Kent was selected in the Australian one-day team towards the end of the summer, making scores of 12, 33 and 4.

===1981 Ashes===
Kent was chosen to tour England in 1981. Greg Chappell elected not to tour and Kim Hughes thought at the beginning that Kent was the most likely candidate to replace him at number three. However he failed during the early games and a score of 91 by Trevor Chappell saw him come into contention for the spot. Eventually Chappell was selected, with Kent relegated to 12th man.

Kent was 12th man in the third test, which England won. He eventually hit form with 92 against Worcestershire (his previous high score had been 27). This earned him selection in the 4th test over Chappell, who was made 12th man.
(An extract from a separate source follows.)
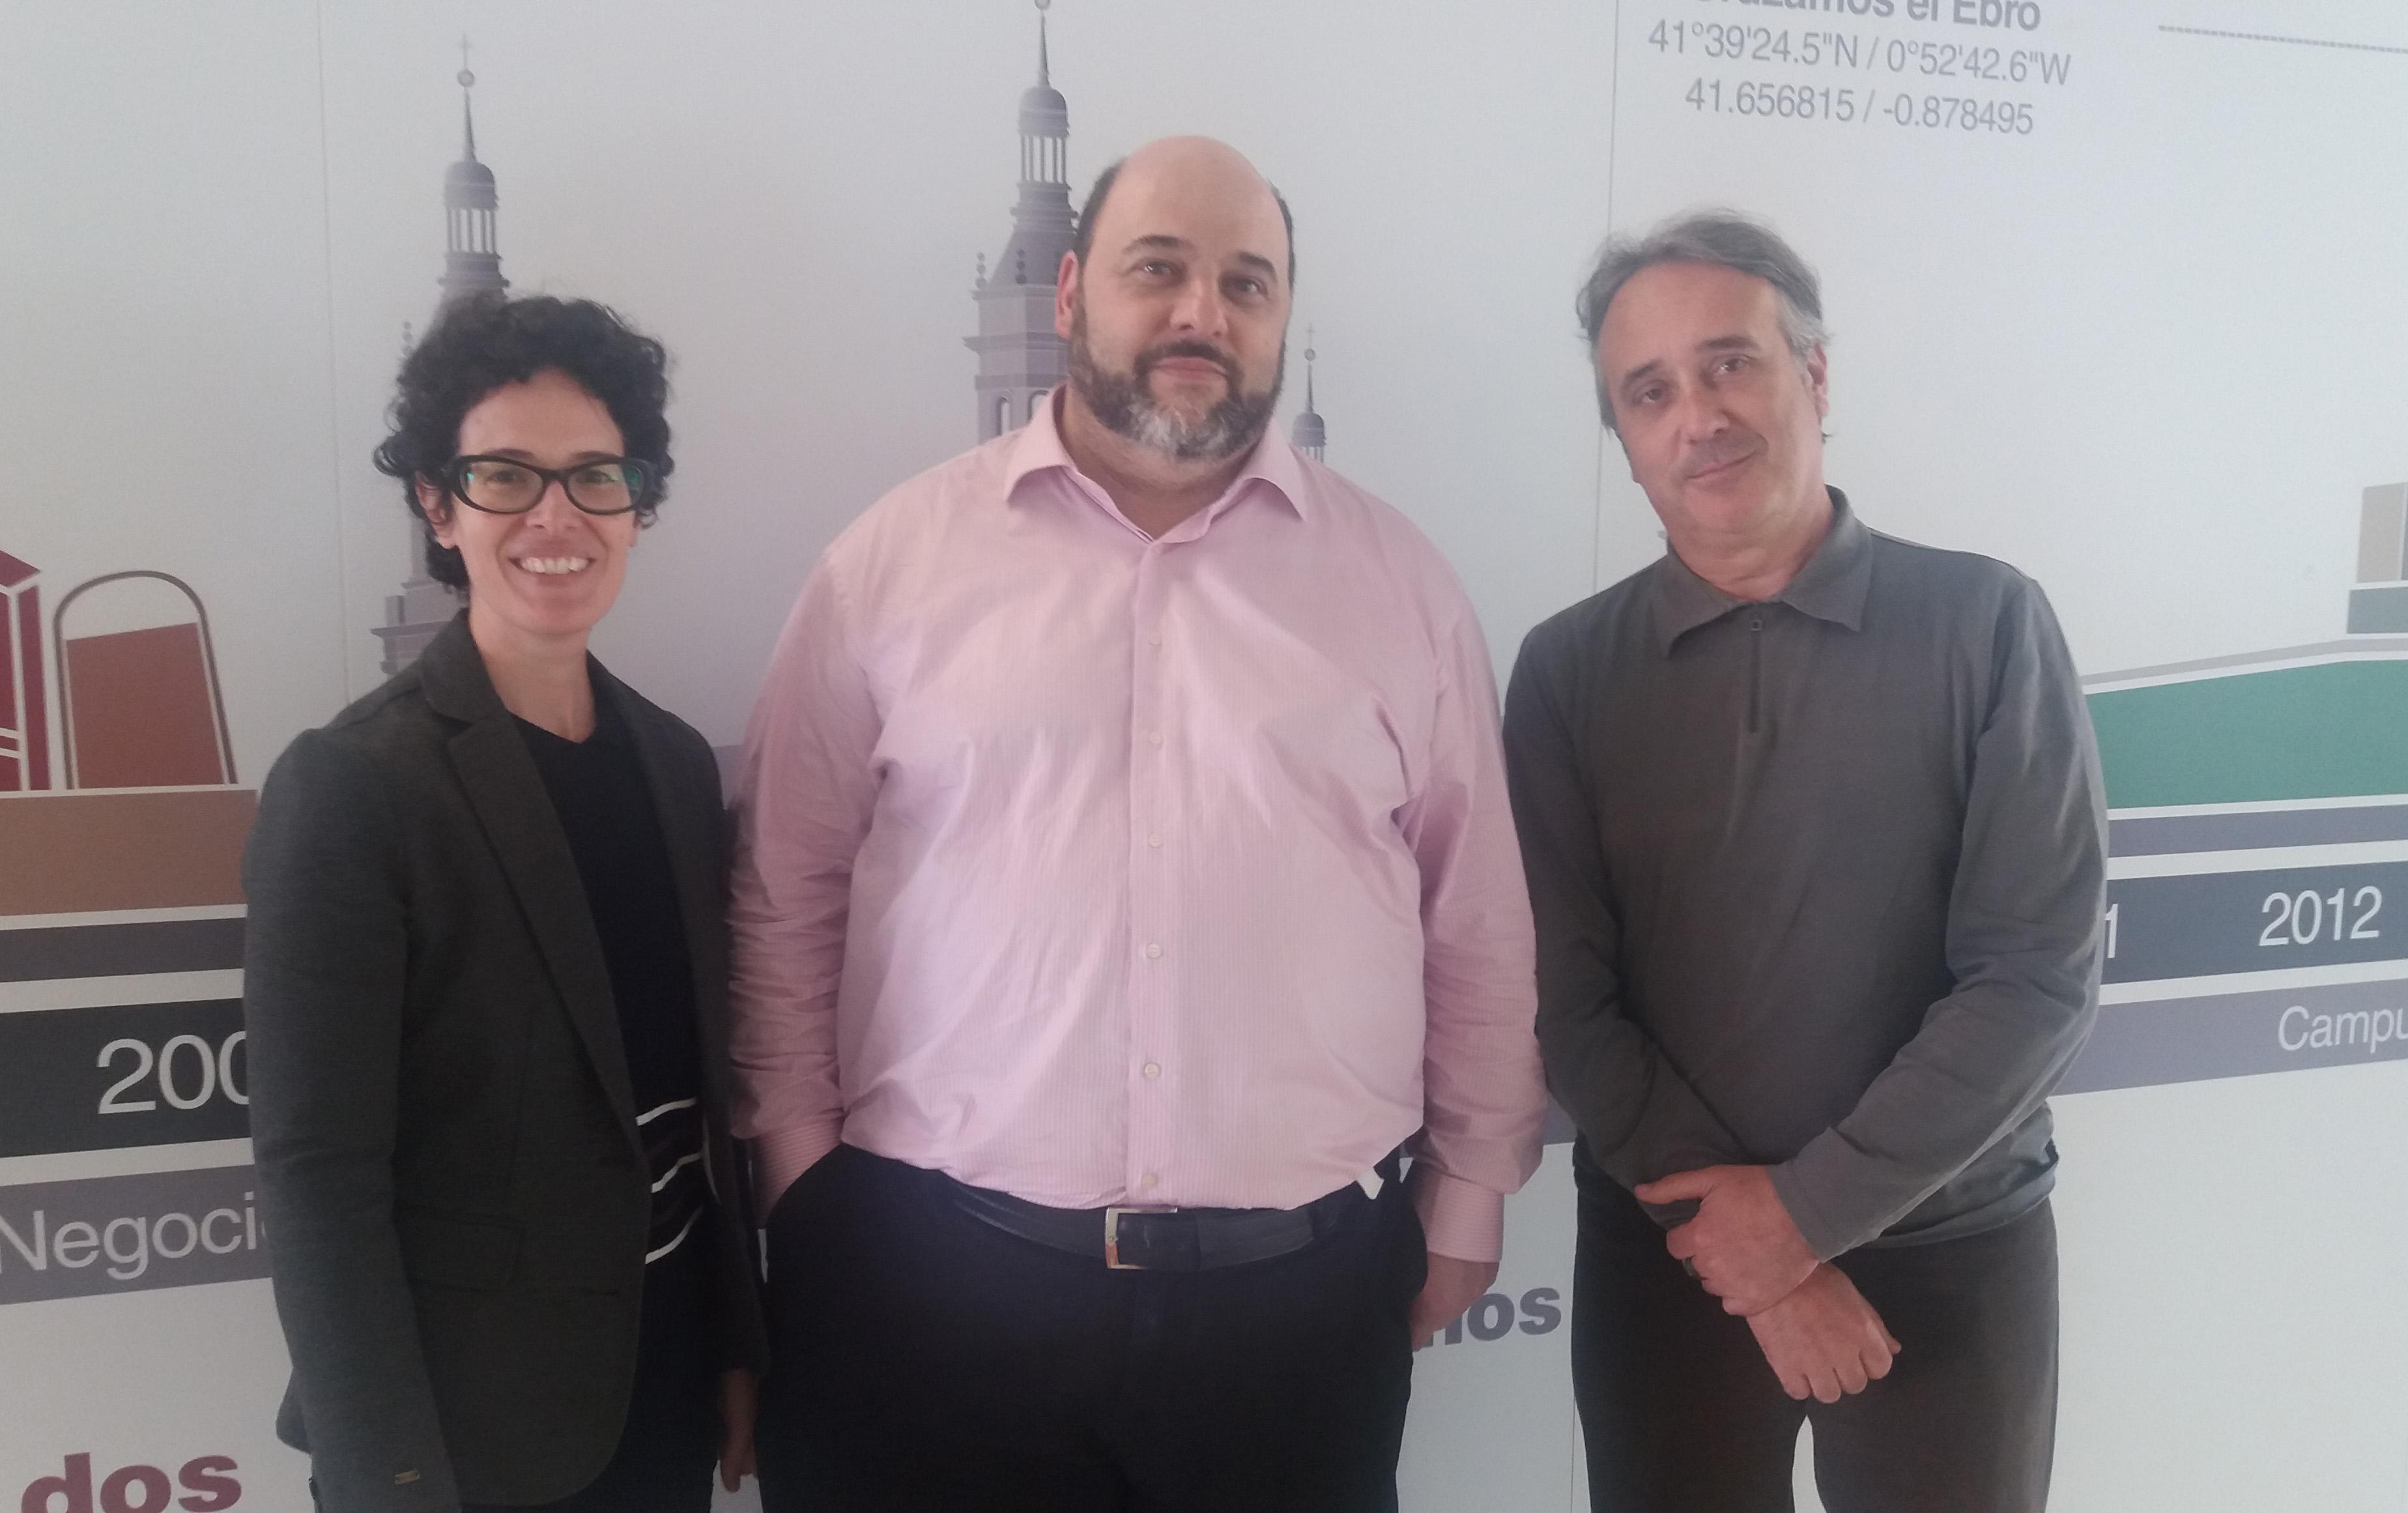 Asier Mensuro junto a Pilar Irala y Javier Hernández en el hall de la Facultad de Comunicación y CC.SS.

Kent turned out to be one of Australia's best performing batsmen in the second half of the tour, with a consistent string of scores. He made 171 runs, including a fifty as a makeshift opener at the Oval.
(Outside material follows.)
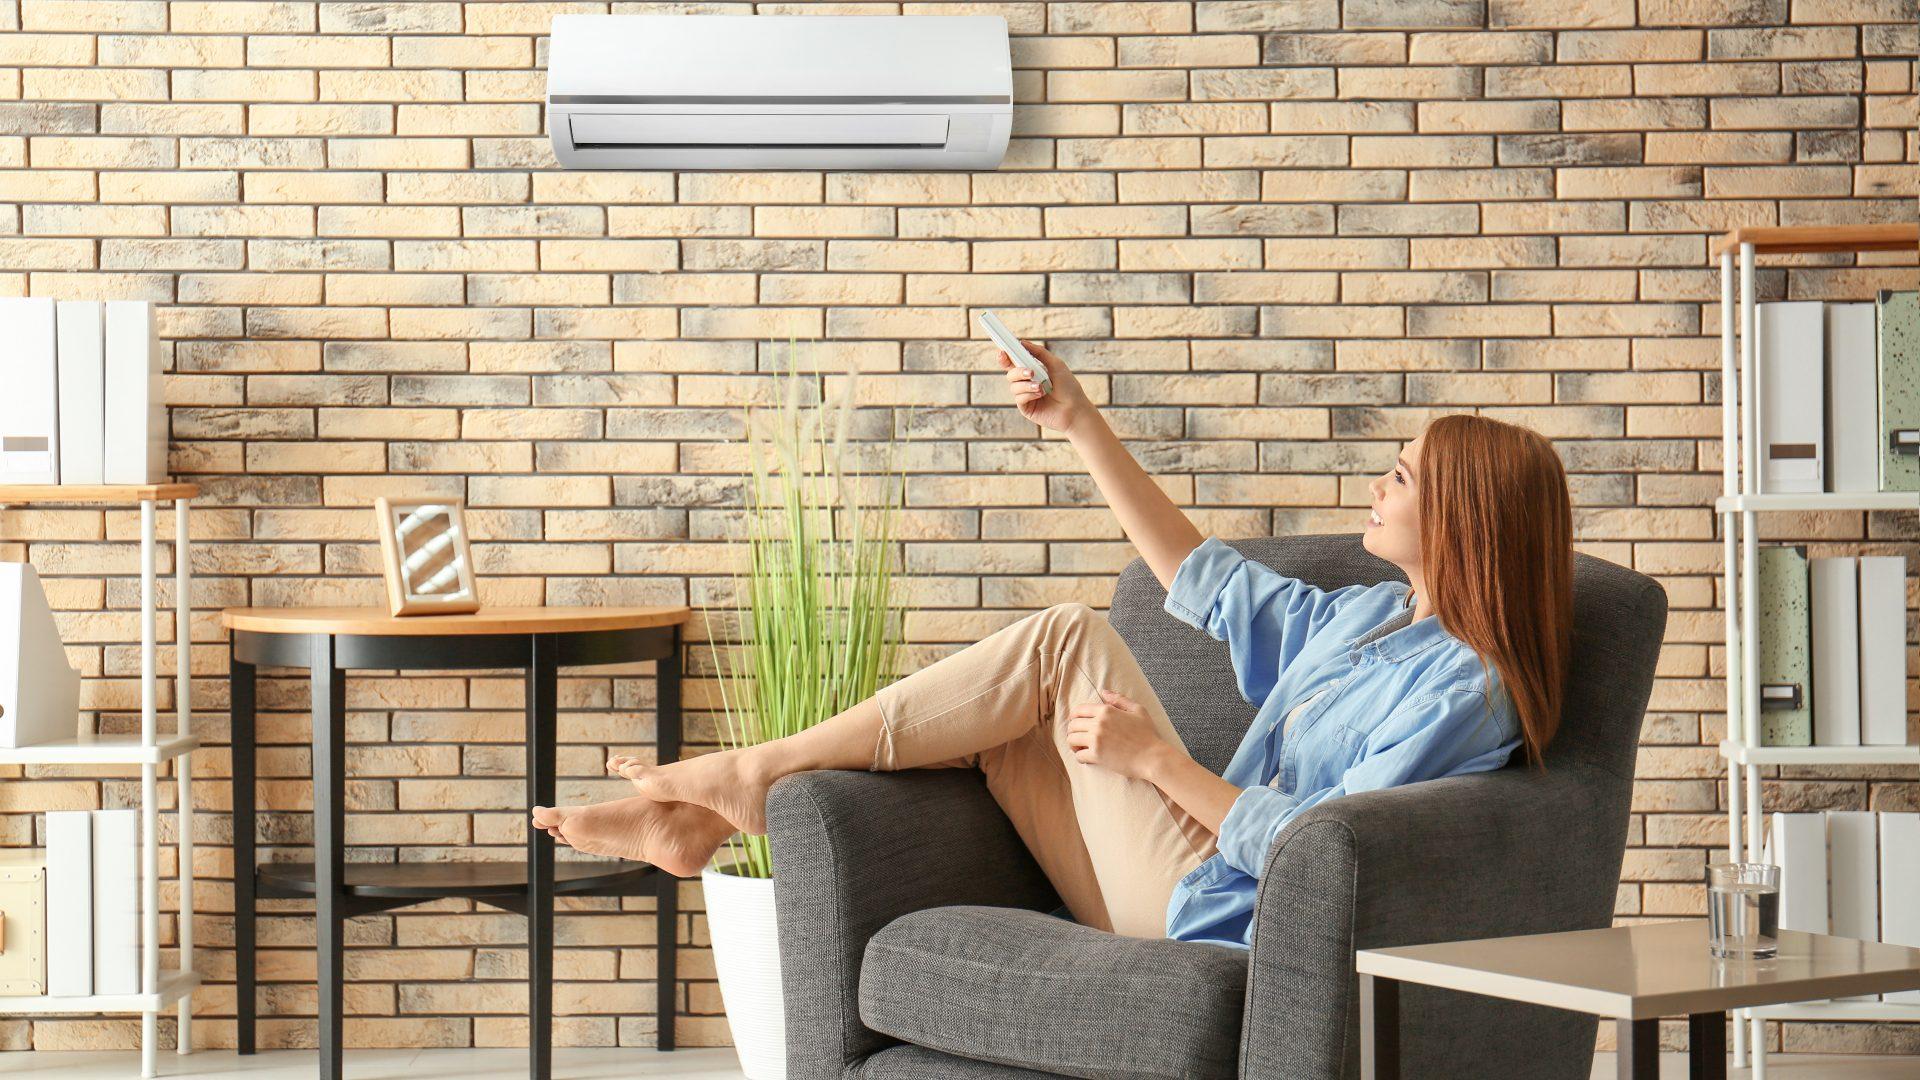 junge barfüßige Frau schaltet die Klimaanlage ein während sie zuhause auf ihrem Sofa sitzt

He made 46 and 10 in the 4th test, 52 and 2 in the fifth and 54 and 7 in the 6th.

===End of career===
Kent began the 1981–82 season well with 92 for Qld against the touring Pakistan side. He was selected in the Australian team for the first test against Pakistan in 1981–82 over Graham Yallop and Dirk Wellham. A serious back injury cost him his place however, forcing him to withdraw. He withdrew from cricket for the season then in August 1982 retired altogether.

Kent later commented, "People say I retired because of a back injury. There's nothing untrue about that, but it wasn't the only reason – it was a trigger for me to start thinking about what the hell I was going to do for my future. We'd had World Series Cricket but there was still no money in the game, and I could see no clear line for a future in cricket (in which he was) earning enough money."

In 64 first-class matches he scored a total of 3567 runs at 36.03 with a best of 171 against Tasmania. He was a fine slip catcher, taking 60 catches in all.

==Post-Cricket==
Kent briefly returned to cricket in April 1987 to play a charity match at the WACA. He scored 67 but was in severe pain the next day.

Kent was assistant coach for the Queensland cricket side in the early 1990s. He later ran a pub in Toowoomba and worked as secretary-manager of the Queensland Cricketers' Club.